3. [.-]? matches an optional character . or -. Although dot (.) has special meaning in regex, in a character class (square brackets) any characters except ^, -, ] or \ is a literal, and do not require escape sequence.
4. ([.-]?\w+)* matches 0 or more occurrences of [.-]?\w+.
5. The sub-expression \w+([.-]?\w+)* is used to match the username in the email, before the @ sign.

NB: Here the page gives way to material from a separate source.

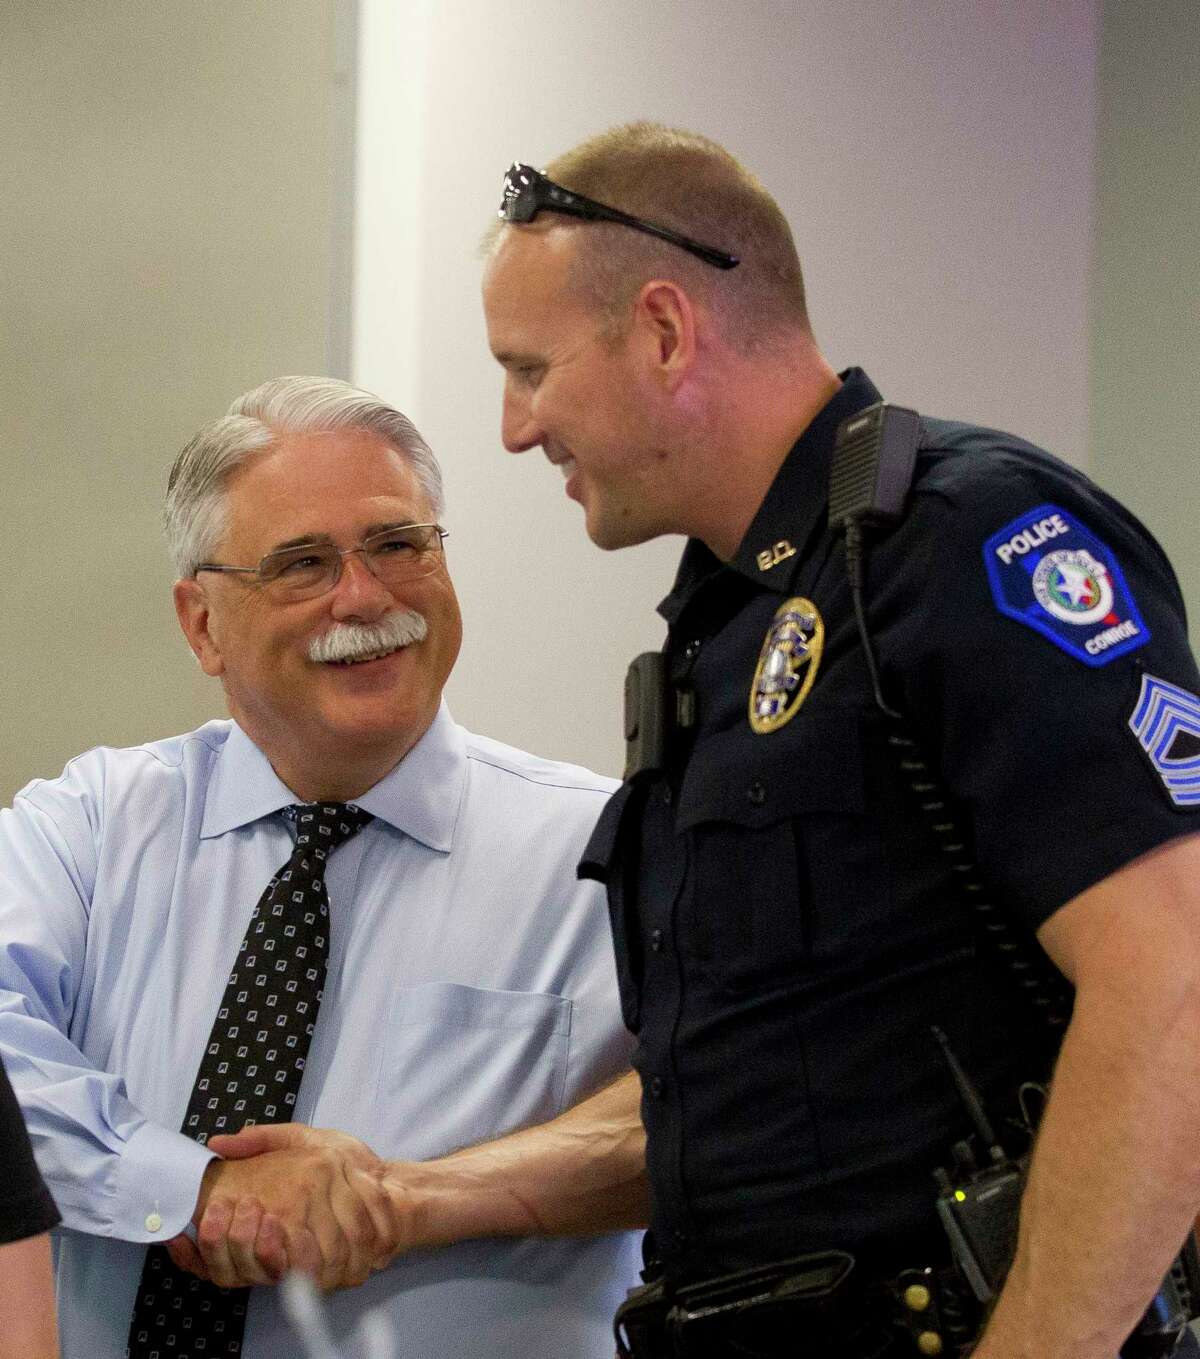 Conroe Police Lt. Bob Berry, left, shakes hands with Sgt. Brent Stowe during Berry's retirement party at the Conroe Police Department and Municipal Courts building Thursday, June 15, 2017, in Conroe.

It begins with at least one word character [a-zA-Z0-9_], followed by more word characters or . or -. However, a . or - must follow by a word
character [a-zA-Z0-9_]. That is, the input string cannot begin with . or -; and cannot contain "..", "--", ".-" or "-.". Example of valid string are "a.1-2-3".
6. The @ matches itself. In regex, all characters other than those having special meanings matches itself, e.g., a matches a, b matches b, and etc.
7. Again, the sub-expression \w+([.-]?\w+)* is used to match the email domain name, with the same pattern as the username described above.
8. The sub-expression \.\w{2,3} matches a . followed by two or three word characters, e.g., ".com", ".edu", ".us", ".uk", ".co".
9. (\.\w{2,3})+ specifies that the above sub-expression could occur one or more times, e.g., ".com", ".co.uk", ".edu.sg" etc.

Exercise: Interpret this regex, which provide another representation of email address: ^[\w\-\.\+]+\@[a-zA-Z0-9\.\-]+\.[a-zA-z0-9]{2,4}$.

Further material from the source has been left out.